Write the data out again exactly, with no pictures.

[Data section]
==================================================

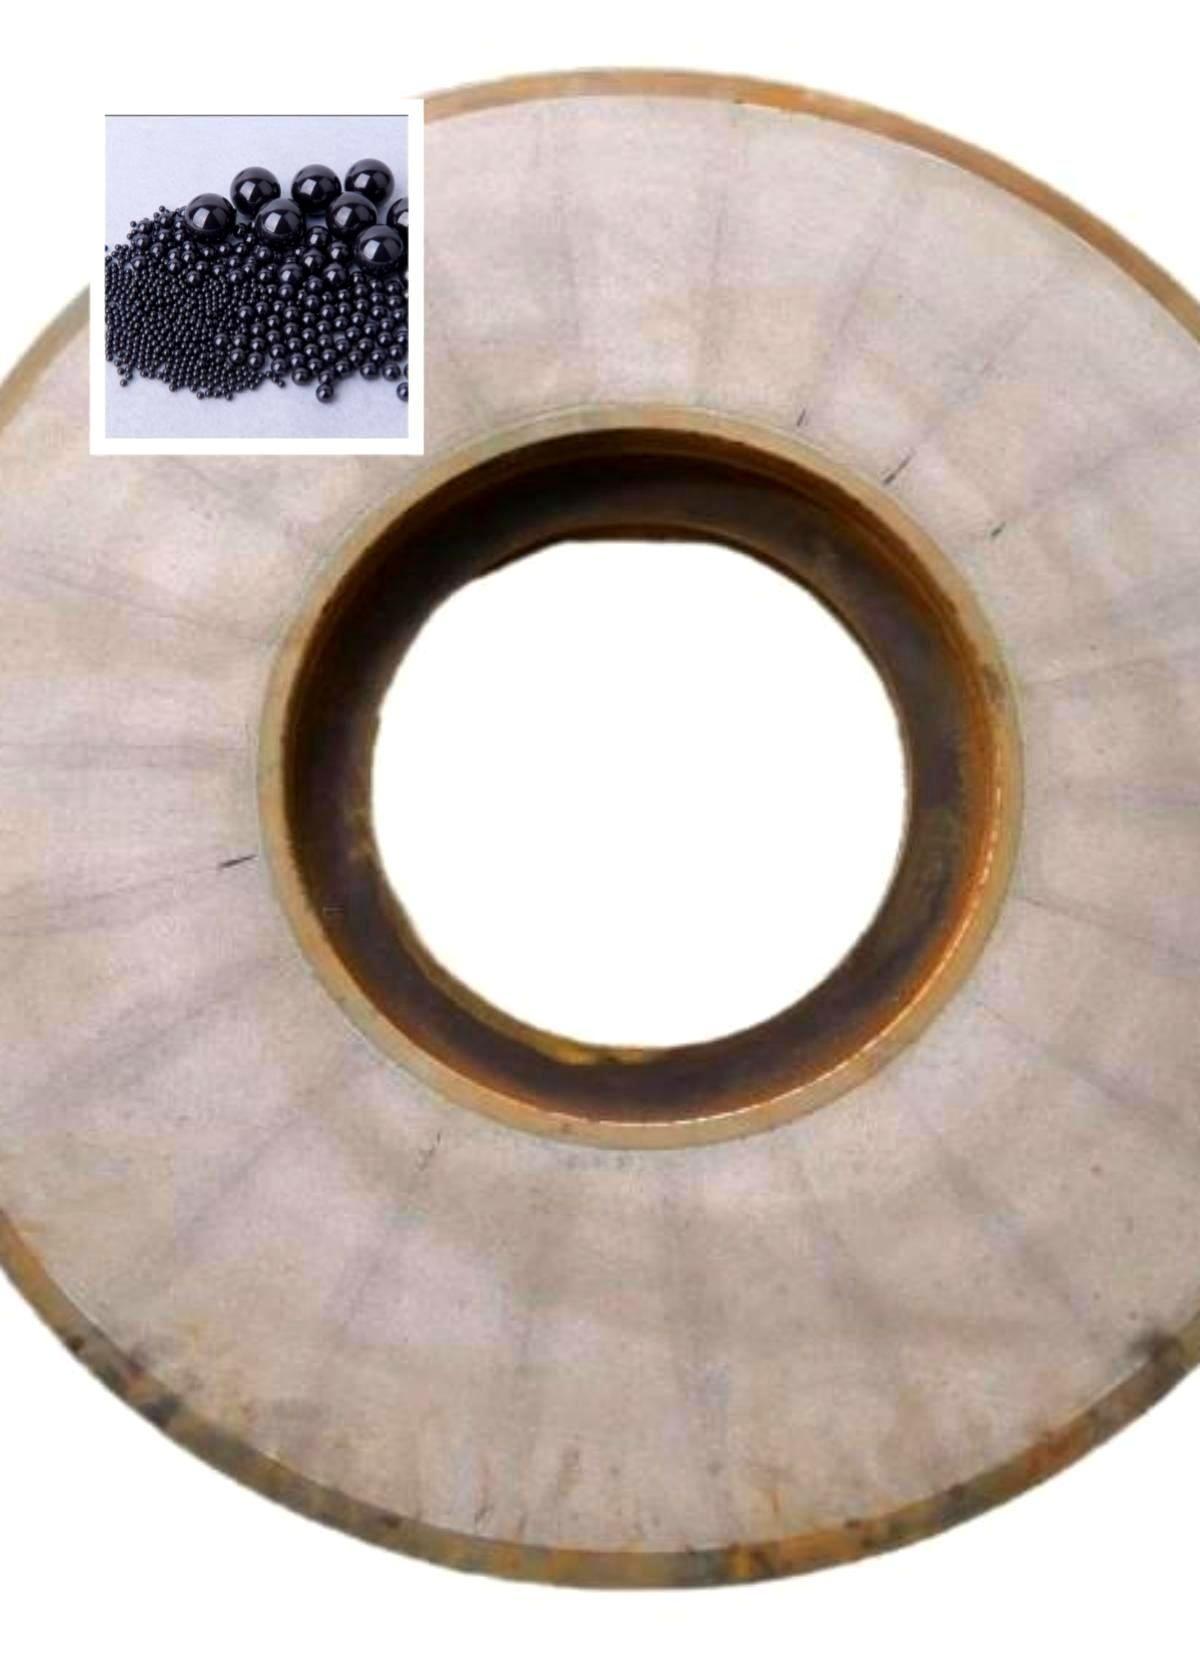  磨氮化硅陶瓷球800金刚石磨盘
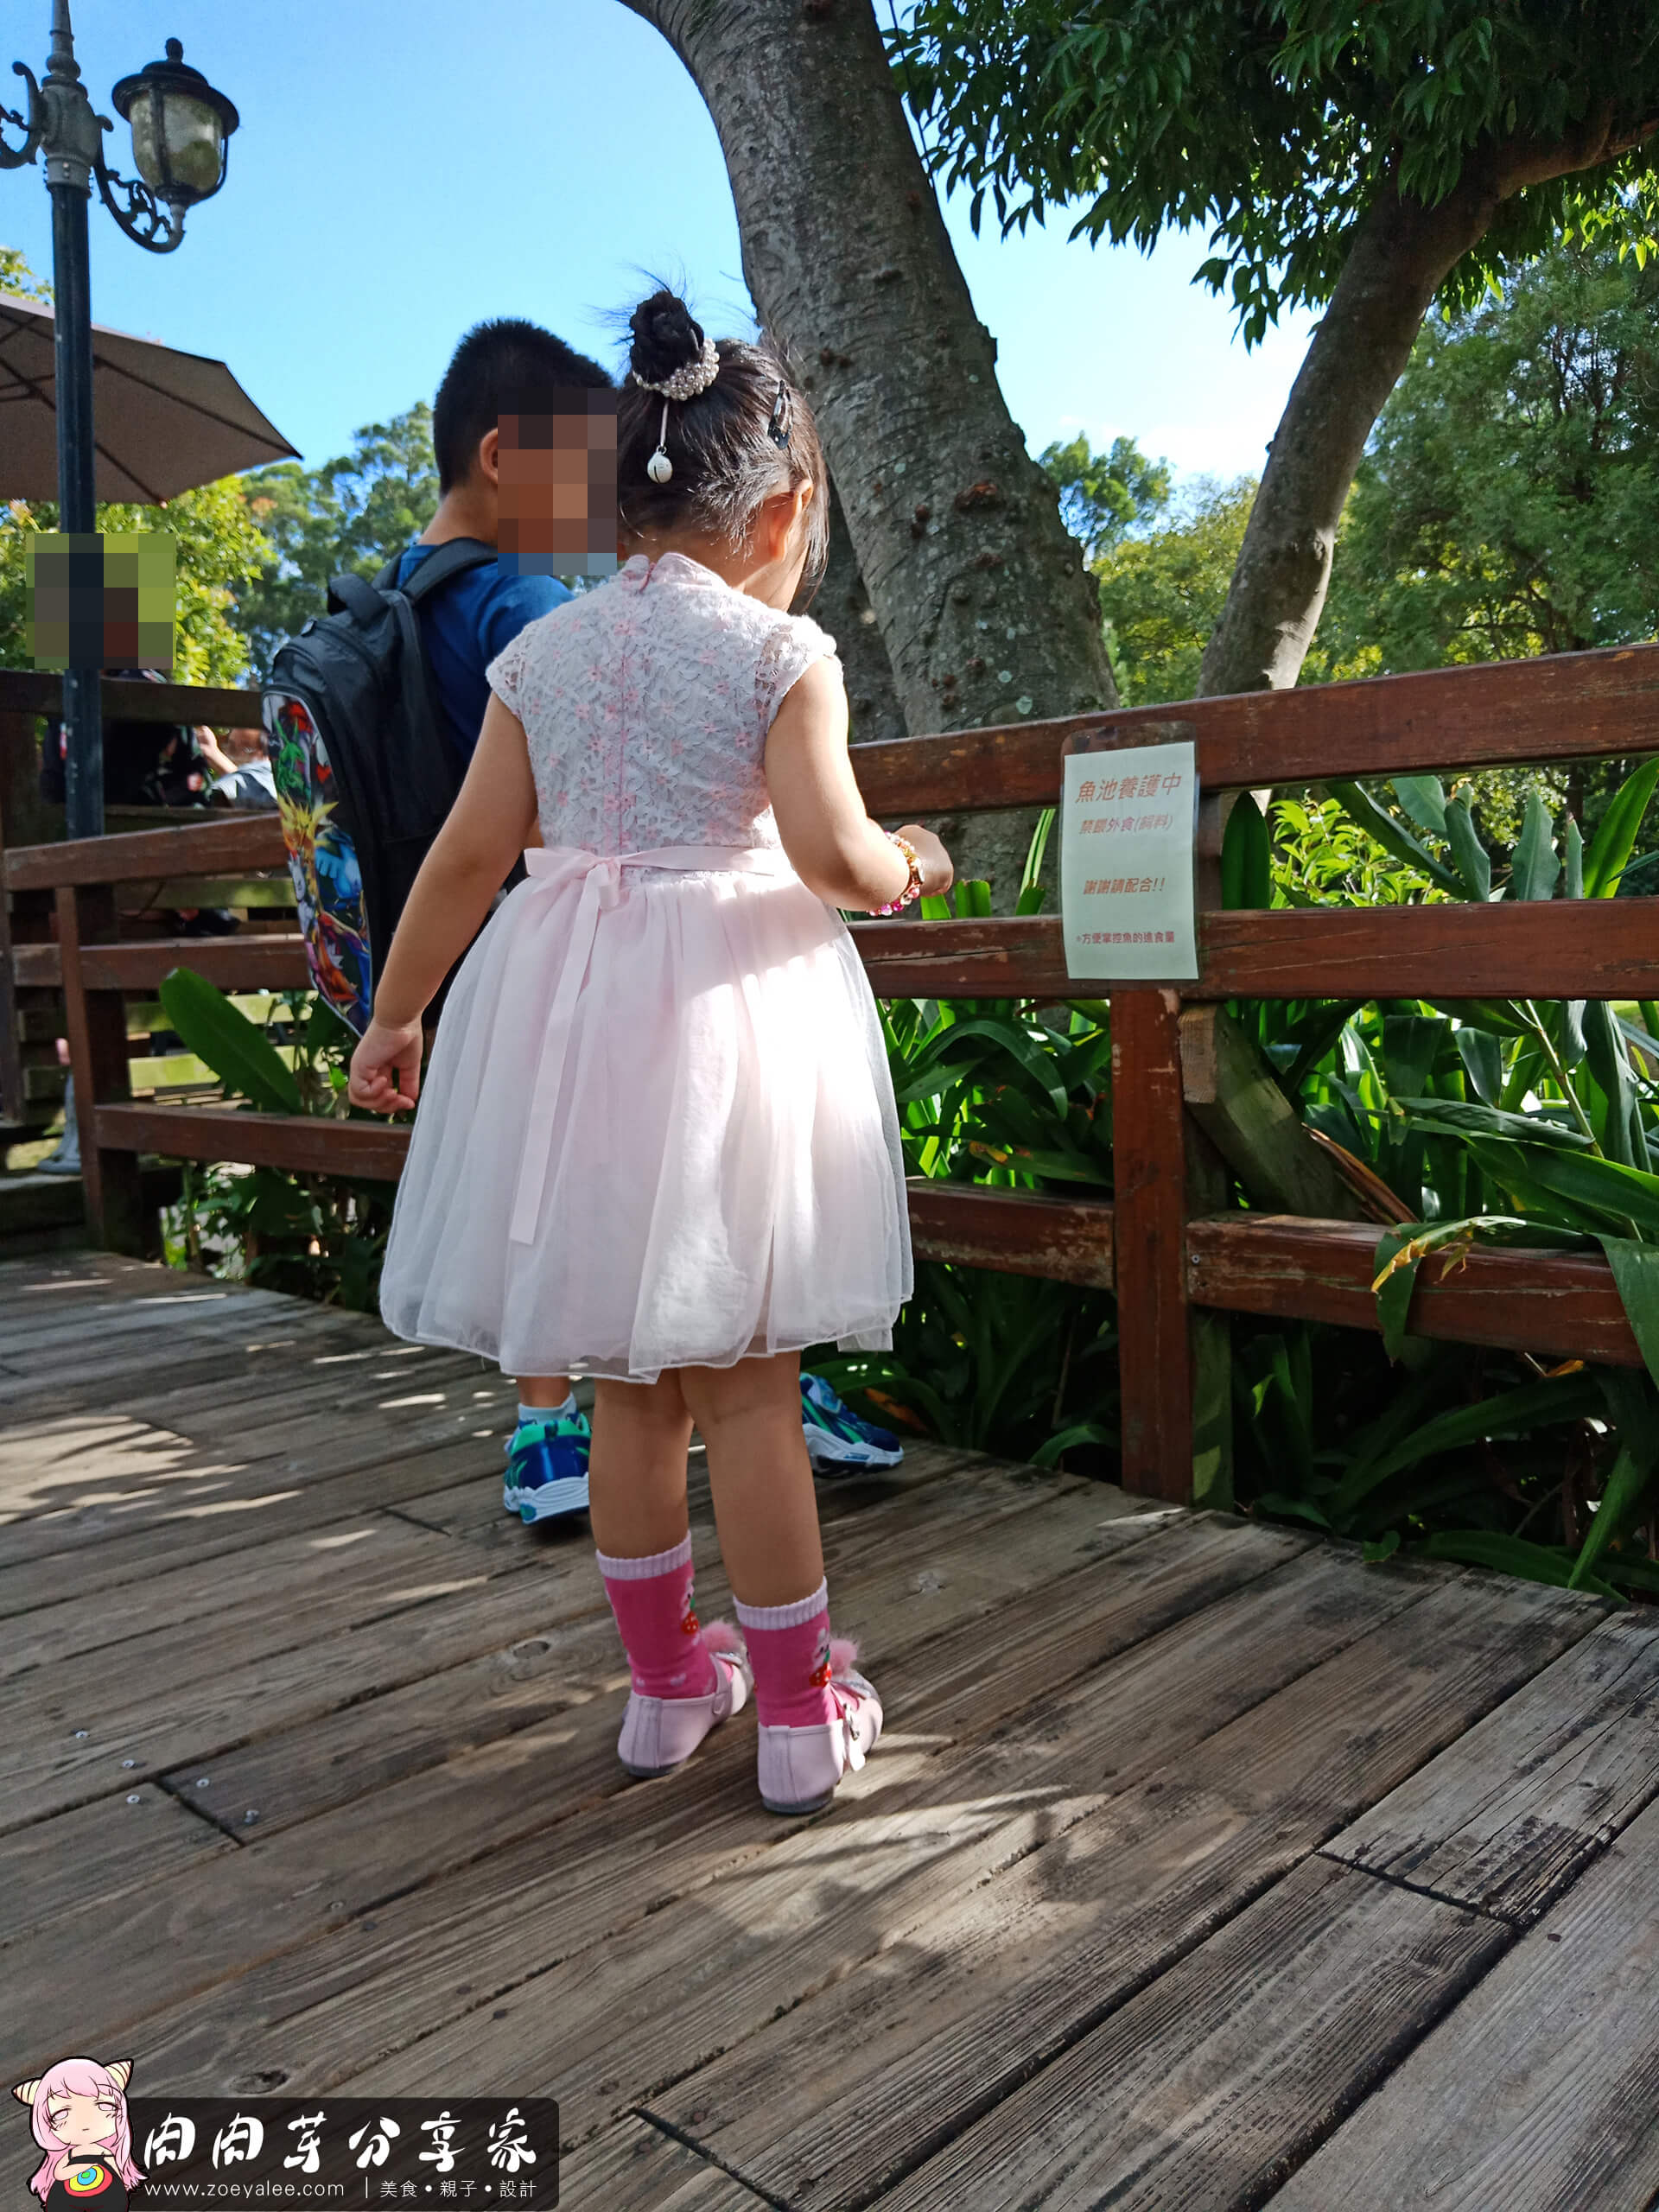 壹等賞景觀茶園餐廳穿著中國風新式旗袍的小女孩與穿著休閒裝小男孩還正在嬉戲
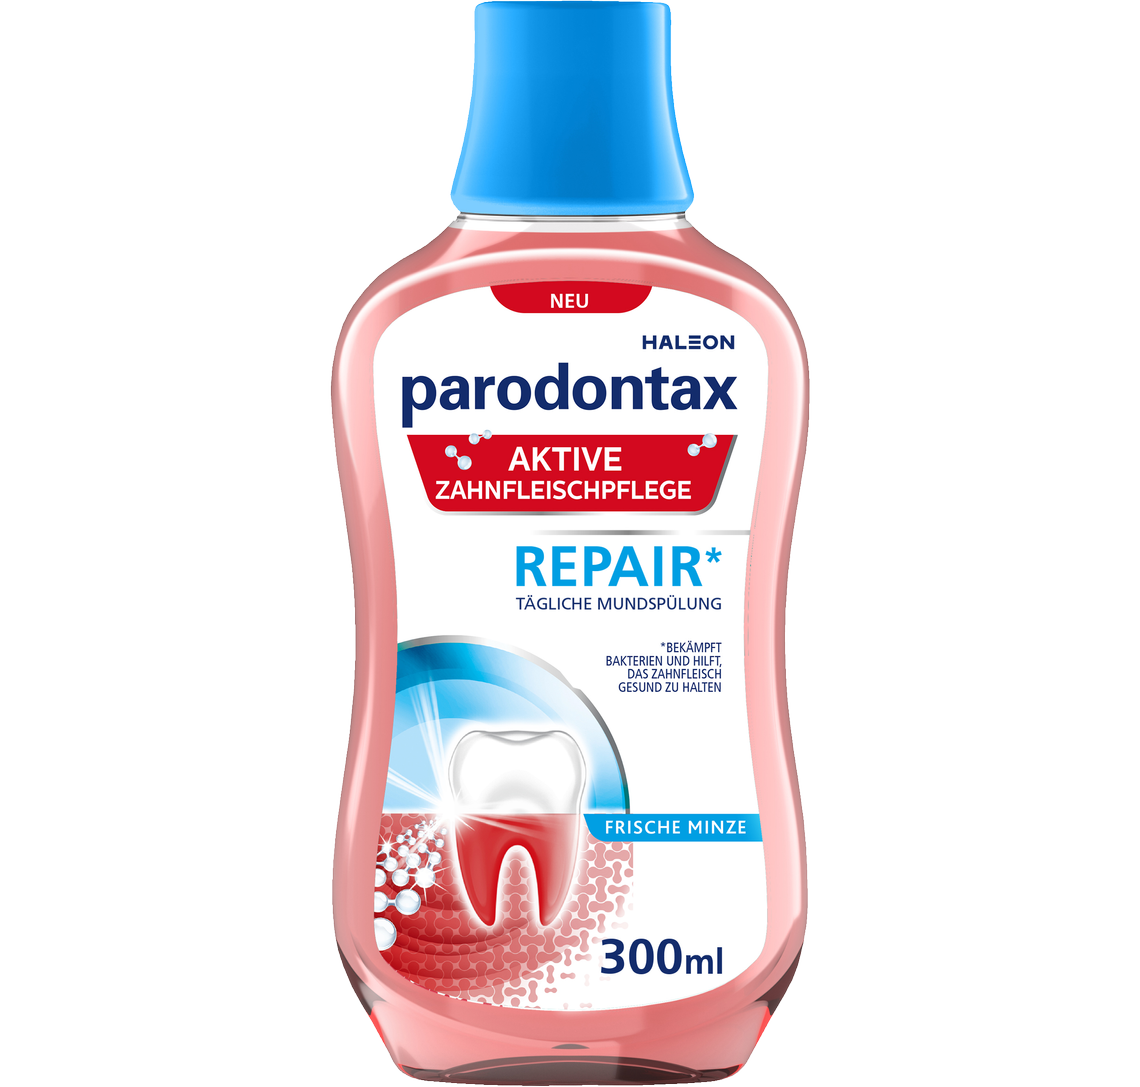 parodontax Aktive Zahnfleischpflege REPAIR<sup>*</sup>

==================================================

[Solution for this problem]
  磨氮化硅陶瓷球800金刚石磨盘
 壹等賞景觀茶園餐廳穿著中國風新式旗袍的小女孩與穿著休閒裝小男孩還正在嬉戲
 parodontax Aktive Zahnfleischpflege REPAIR<sup>*</sup>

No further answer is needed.